I just wanted to create a thread where I could share some of my favorite poems, as well as ones written by me, where other people could discuss and share poetry as well!

Without further ado, here are two poems, one by me and one of my favorites by Robert Frost!

Humanization
by Me (aka Ry/Arietti)

If one was to purge the amenities
laying stiff and noiselessly
between sheets of perfection
and desirability,
they would discover
a thing called Human.

Sheets of rocks slamming into skulls
harder than when they hit the pavement
are what jolts awake the nerves and senses
in this docile creature
that we claim is breathing.

They go into battle
with paper printouts of shields,
thoughts of
‘You can’t break what’s already been broken’
flashing like neon bar signs
at the front line of their minds.

Yet the poems and laments of the ones
who have survived those battles
say otherwise.

Saying they are fickle things
is forever an understatement.
their voices are woven into webs
where spiders sit and wait,
hoping to grasp on to
any sense of reality someone holds
In the palm of their hand,
Twisting and morphing it into a lie
Seen as a sin even by those
Who are deemed unholy.

You cannot trust the reflections
They spit at you through gritted teeth,
For I should know.
I am one of them.

Mending Wall
By Robert Frost

Something there is that doesn't love a wall,
That sends the frozen-ground-swell under it,
And spills the upper boulders in the sun;
And makes gaps even two can pass abreast.
The work of hunters is another thing:
I have come after them and made repair
Where they have left not one stone on a stone,
But they would have the rabbit out of hiding,
To please the yelping dogs.
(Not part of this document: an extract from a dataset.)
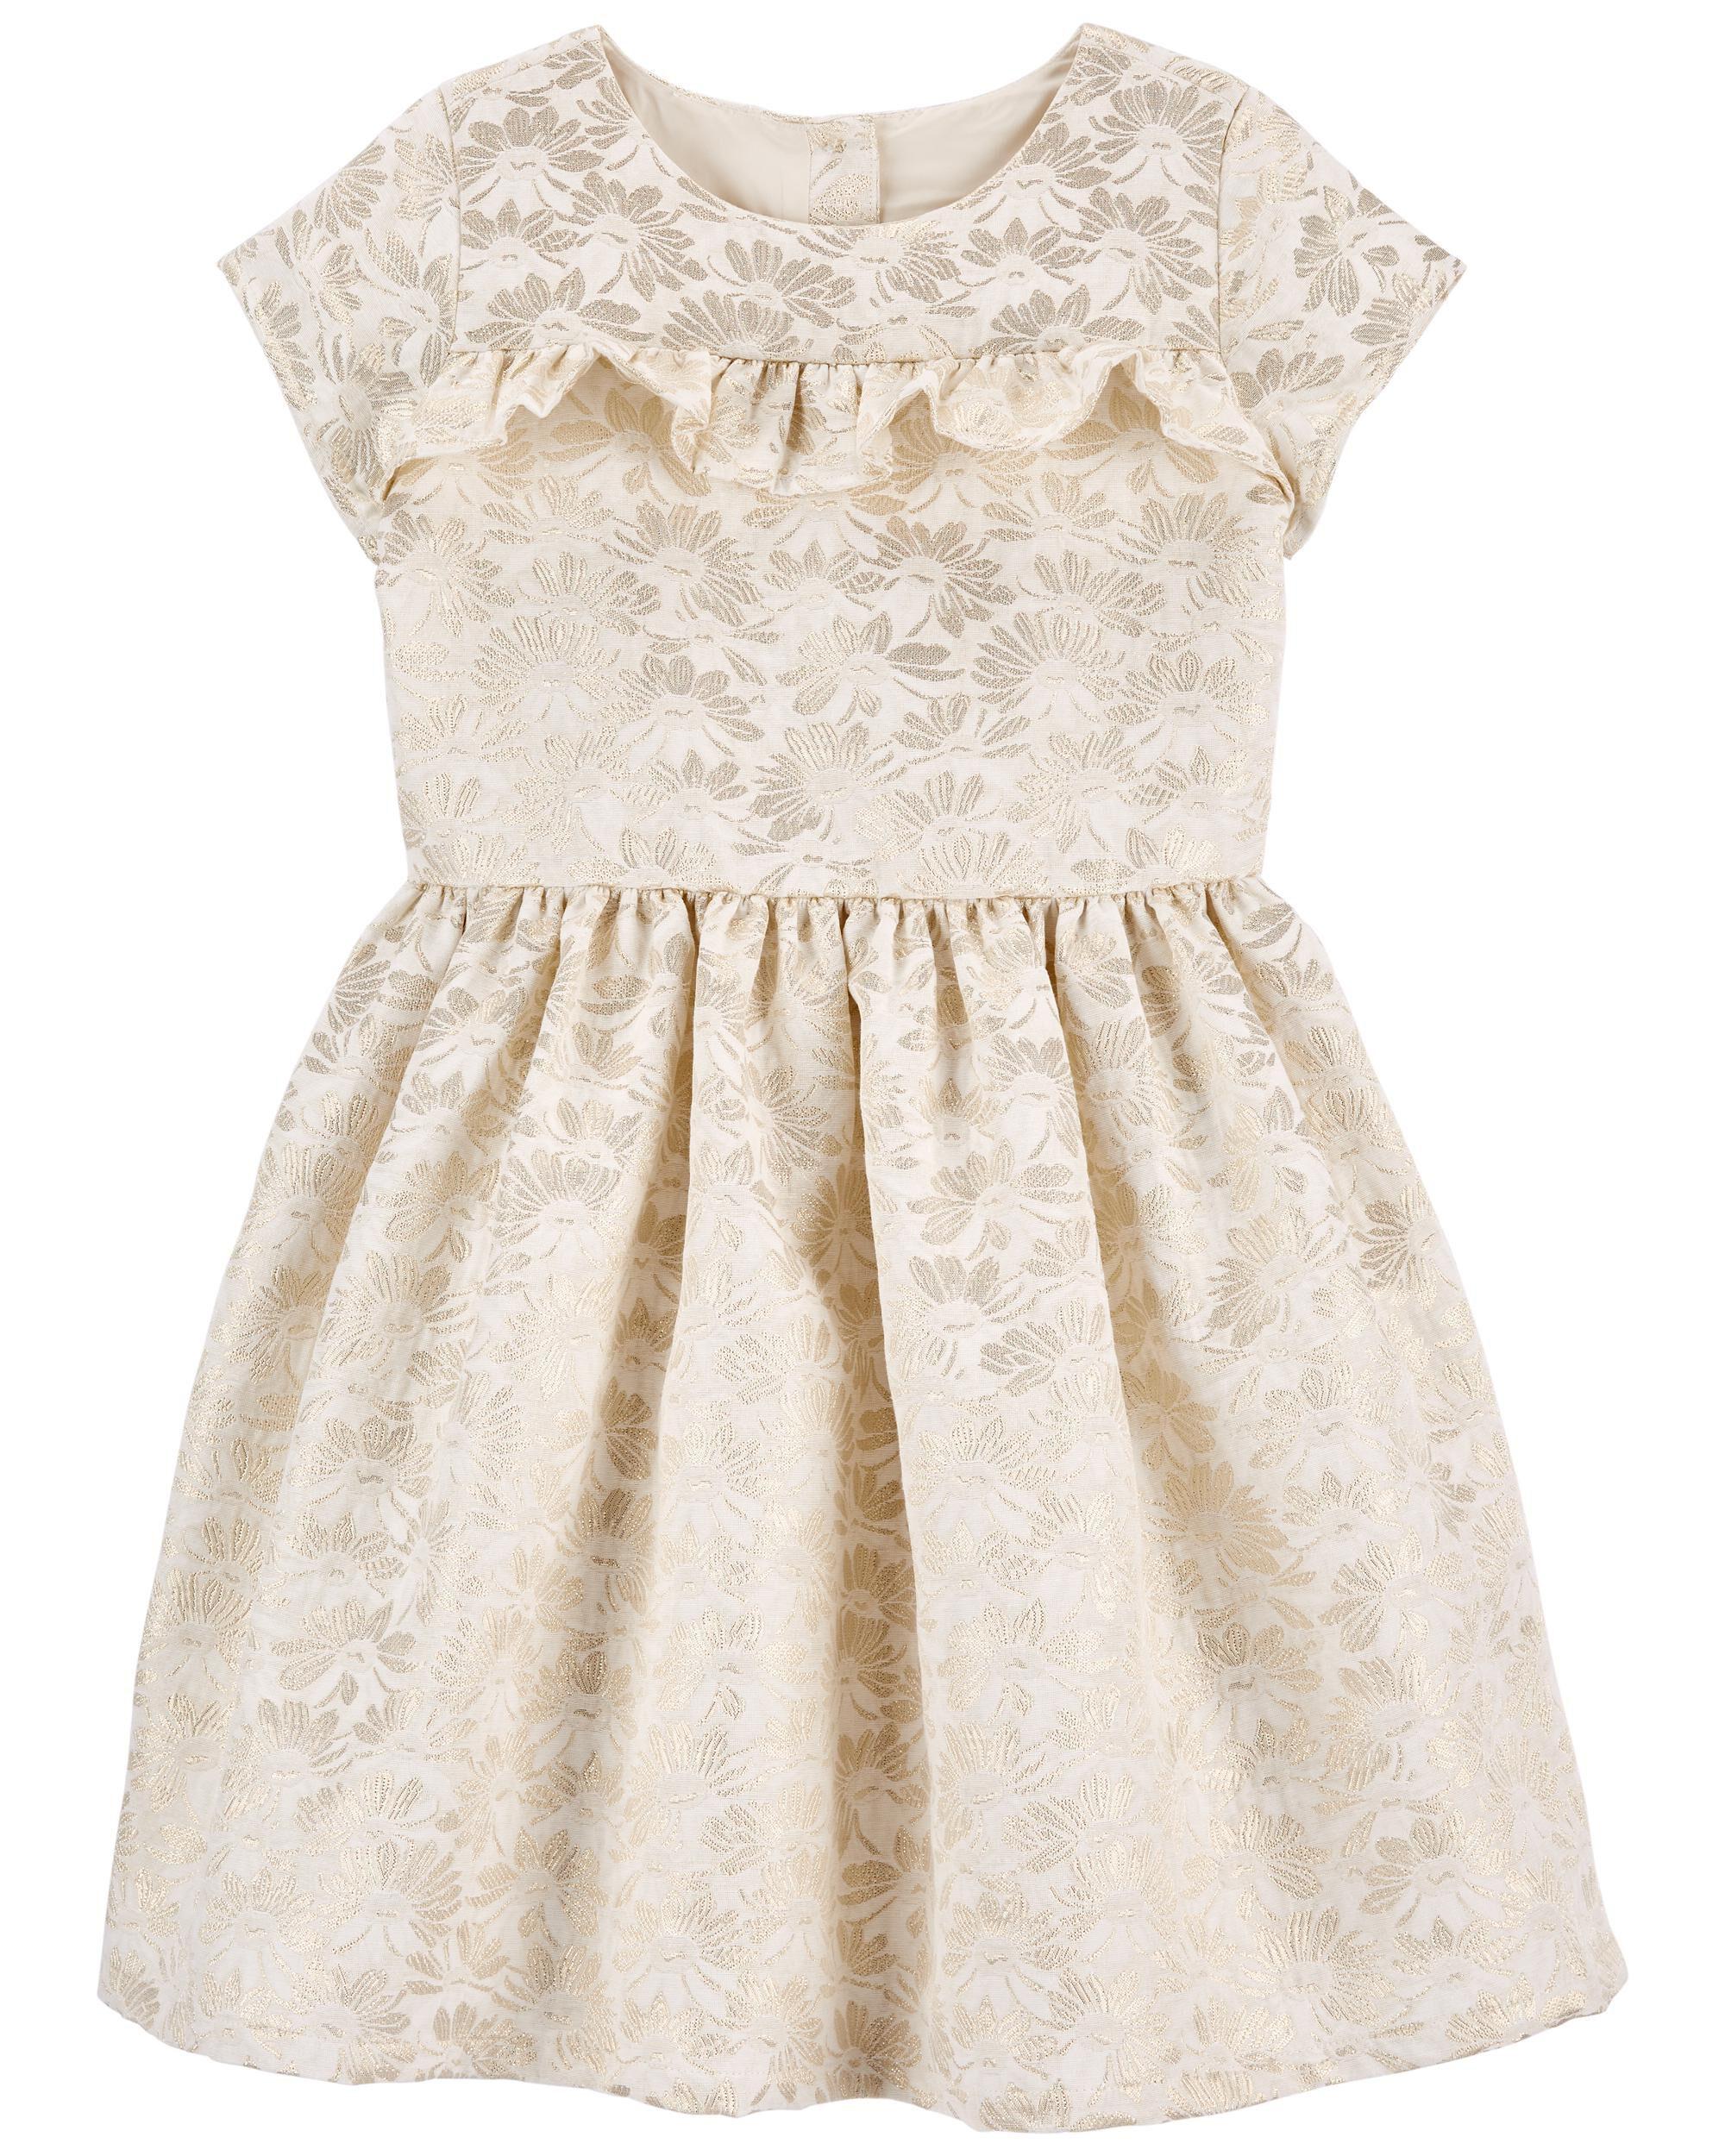 *CLEARANCE* Jacquard Woven Dress

The gaps I mean,
No one has seen them made or heard them made,
But at spring mending-time we find them there.
I let my neighbour know beyond the hill;
And on a day we meet to walk the line
And set the wall between us once again.
We keep the wall between us as we go.
To each the boulders that have fallen to each.
And some are loaves and some so nearly balls
We have to use a spell to make them balance:
"Stay where you are until our backs are turned!"
We wear our fingers rough with handling them.
Oh, just another kind of out-door game,
One on a side. It comes to little more:
There where it is we do not need the wall:
He is all pine and I am apple orchard.
My apple trees will never get across
And eat the cones under his pines, I tell him.
He only says, "Good fences make good neighbours."
Spring is the mischief in me, and I wonder
If I could put a notion in his head:
"Why do they make good neighbours? Isn't it
Where there are cows? But here there are no cows.
Before I built a wall I'd ask to know
What I was walling in or walling out,
And to whom I was like to give offence.
Something there is that doesn't love a wall,
That wants it down." I could say "Elves" to him,
But it's not elves exactly, and I'd rather
He said it for himself. I see him there
Bringing a stone grasped firmly by the top
In each hand, like an old-stone savage armed.
He moves in darkness as it seems to me,
Not of woods only and the shade of trees.
He will not go behind his father's saying,
And he likes having thought of it so well
He says again, "Good fences make good neighbours."
 
This is one of the poems my Father loves to recite - there are others.

The Rubáiyát of Omar Khayyám
Translated into English by
Edward FitzGerald

PART 58

’Tis all but a Chequer-board of Nights and Days

Where Destiny with Men for Pieces plays:

Hither and thither moves, and mates, and slays,

And one by one back in the Closet lays.